In the USA, where I live and work, it is well known that I have little love for structural genomics—the attempt to determine the structures of most or all of the proteins in an organism by some combination of high-throughput X-ray crystallography, nuclear magnetic resonance spectroscopy and homology modelling. My reasons are a matter of public record: structural genomics is based on an assumption about the value of structural information that is obsolete; it leaches scarce resources away from individual projects for which structure determination has real value; its heralded technological innovations have been of limited use to the practicing scientist; and its value for training young scientists is nil. The relative worthlessness of structural genomics is self-evident to me; the topic for any discussion should be how to phase it out in the least painful manner.
But structural genomics is only a symptom. The real disease is the creeping hegemony of ‘big science' over ‘little science' and the issue of who sets priorities in biomedical research. Western science has been one of the triumphs of human endeavour but it is easy to overlook some of the reasons for that success. Generous public support of basic research is certainly the main factor, but I would argue that almost as important is the fact that such support has come without much government control. Unfortunately, with the rise of big science, that situation is changing. Thus, it is useful to look at how structural genomics began and why it survives despite widespread agreement that it is largely a waste of money and talent.
These initiatives originated in the heady days after the completion of the human genome sequence. They were the brainchildren of a small cohort of mostly senior structural biologists who, I suspect, wanted their share of the fame and resources that were being showered on Craig Venter, Francis Collins and others. Their proposals were attractive to scientific bureaucrats at the National Institutes of Health and other funding agencies because they, too, wanted to be linked to successful large data-gathering programmes with the magic word “-omics” at the end of their name.
But the analogy between genome sequencing and structural genomics is flawed. The genome sequences were good big science projects because they were probing the unknown; the data were from uncharted territory, in much the same way that Darwin explored a part of the world that was then largely unknown, at least to Europeans. This is not the case for structural genomics: 25 years ago one might have argued that we didn't know what the universe of protein structures looked like in broad terms, but certainly that argument cannot be made today.

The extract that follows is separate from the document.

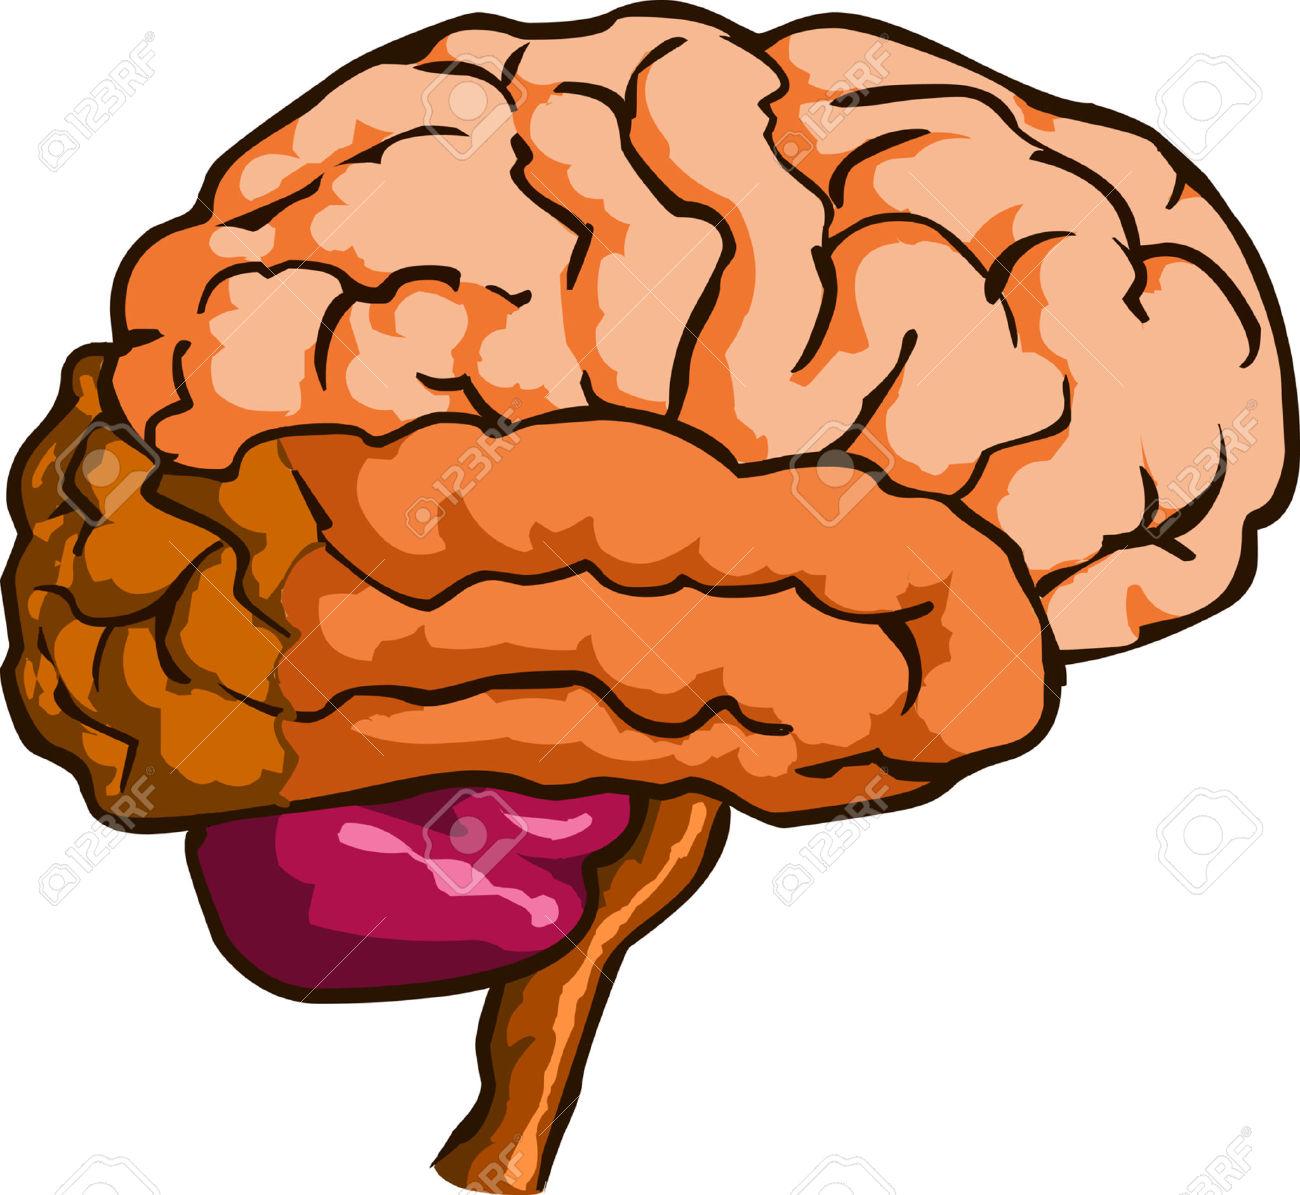 clipart brain - Clipart Of Brain

The same applies to other big science projects born out of the success of the human genome sequence. Among those I dislike are genome-wide association studies that attempt to link common polymorphisms with severe illnesses. Thus far, these endeavours have pretty much been complete failures—the likelihood of finding such associations is small to begin with. Not only that, but it is simply silly to waste so much effort looking at variations that we have no a priori reason to think are a risk for anything, especially when we have a much more interesting set of variations that no one is looking at. I refer to the heterozygotes for autosomal recessive inborn errors of metabolism. Many of these are widely enough distributed in the general population to be extremely important if they confer risk for other illnesses, and there is tantalizing evidence that they do. For example, carriers of Gaucher disease have no symptoms of the devastating lysosomal storage disorder but are more than five times as likely than non-carriers to develop sporadic, idiopathic Parkinson's disease. Similar examples of cross-disease haploinsufficiency probably abound, but I know of no systematic effort to identify them. All the effort and money is being expended on mining the common polymorphisms, even though that's similar to casting your line at random places in the Atlantic Ocean to look for one specific type of fish.

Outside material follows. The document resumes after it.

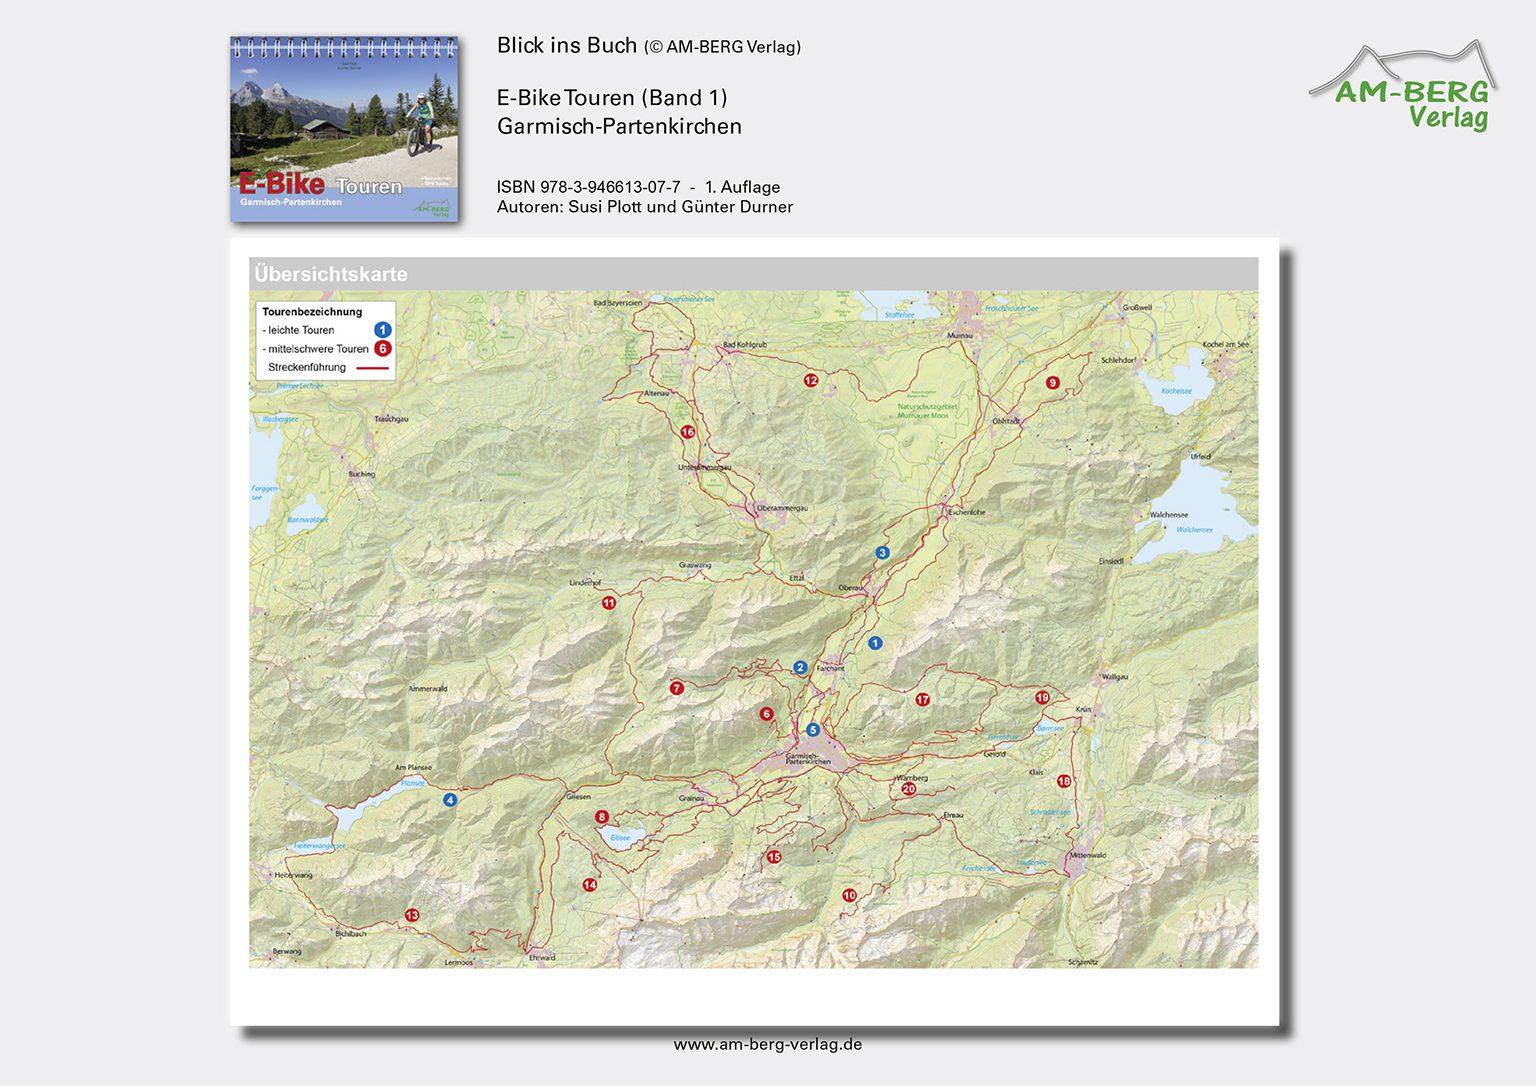 E-Bike Touren Garmisch-Partenkirchen_BlickinsBuch02

So, why do these projects—even those that have produced little in the way of important results—continue to garner outrageous levels of financial support? One reason is that bureaucrats love them because they produce reams of results that can be summarized easily to superiors and politicians. And this is precisely why such projects are dangerous: they are helping to perpetuate the trend of setting scientific priorities in a top-down manner by bean-counters and non-practicing scientists.
I believe that the right way to direct science is almost not to direct it at all. Attention must certainly be paid to what the public wants and what the political system can be persuaded to support, but the notion that bureaucrats—even those who were once scientists—know what our scientific priorities should be and can steer us in the appropriate direction strikes me as a recipe for disaster. Scientific priorities must, for the most part, be set by the free exchange of ideas in the scientific literature, at meetings and in review panels. They must be set from the bottom up, from the community of scientists, not by the people who control the purse strings.

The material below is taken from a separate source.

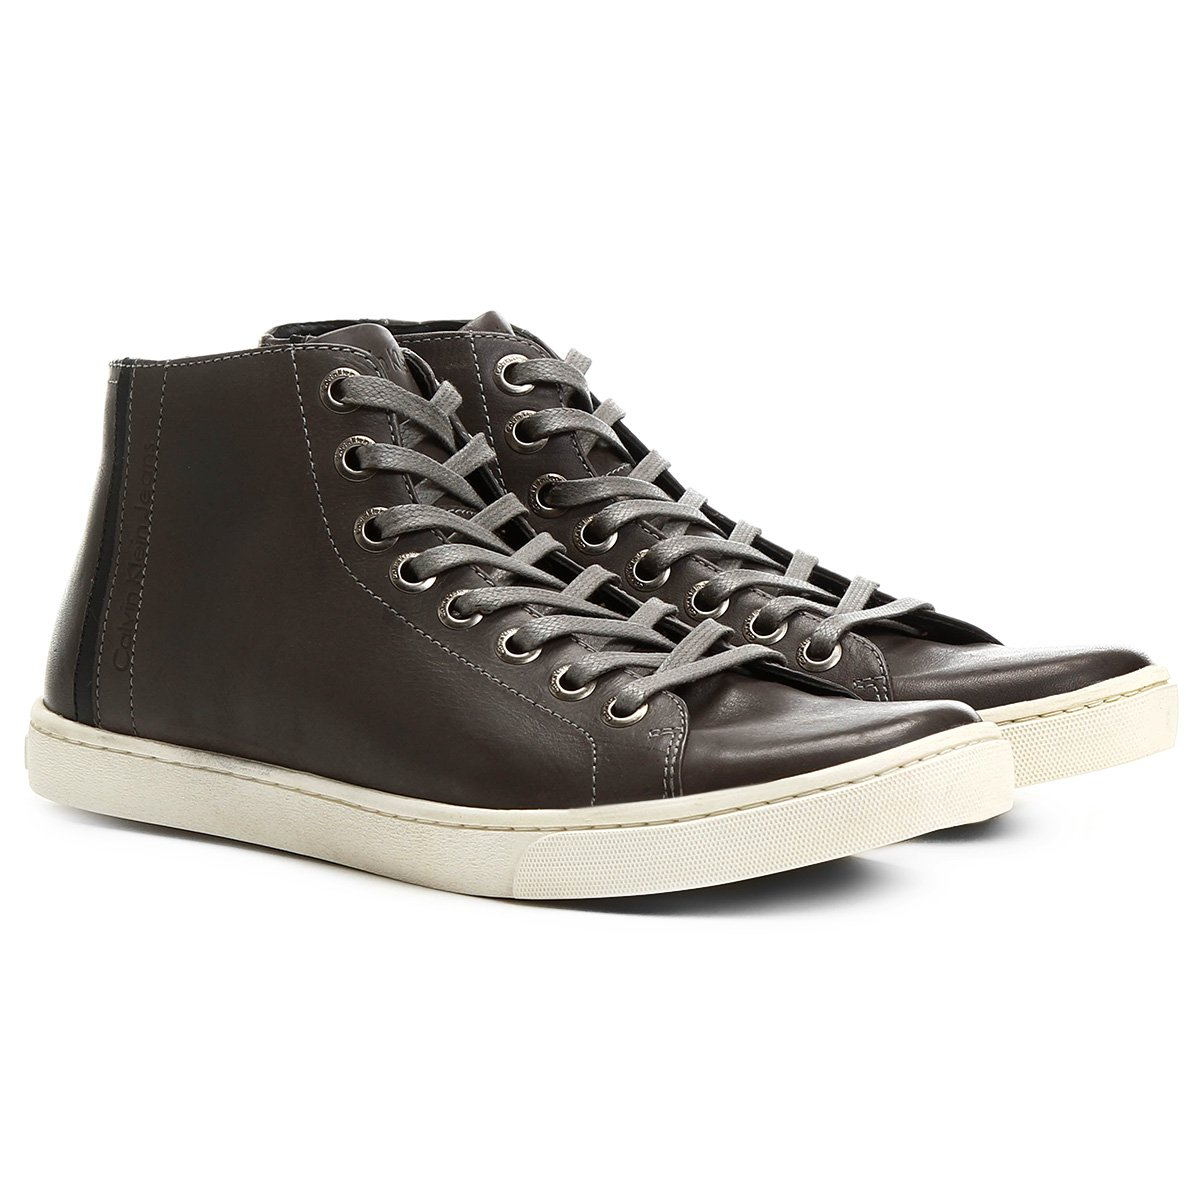 57819c54d4 Tênis Calvin Klein Cano Alto Palito

We do need some big science. But the best kind of big science is the kind that supports and generates lots of good little science. For those bureaucrats who know in their hearts that we ought to terminate some of the current big science programmes, but who are afraid to do so because it would seem to be an admission of failure, let me give you a way out. It's the one that the late Senator George Aiken of Vermont suggested to extricate the USA from the quagmire of Vietnam. It's the one that the Obama Administration seems to be using to extricate the USA from the quagmire of Iraq. Declare victory, and pull out.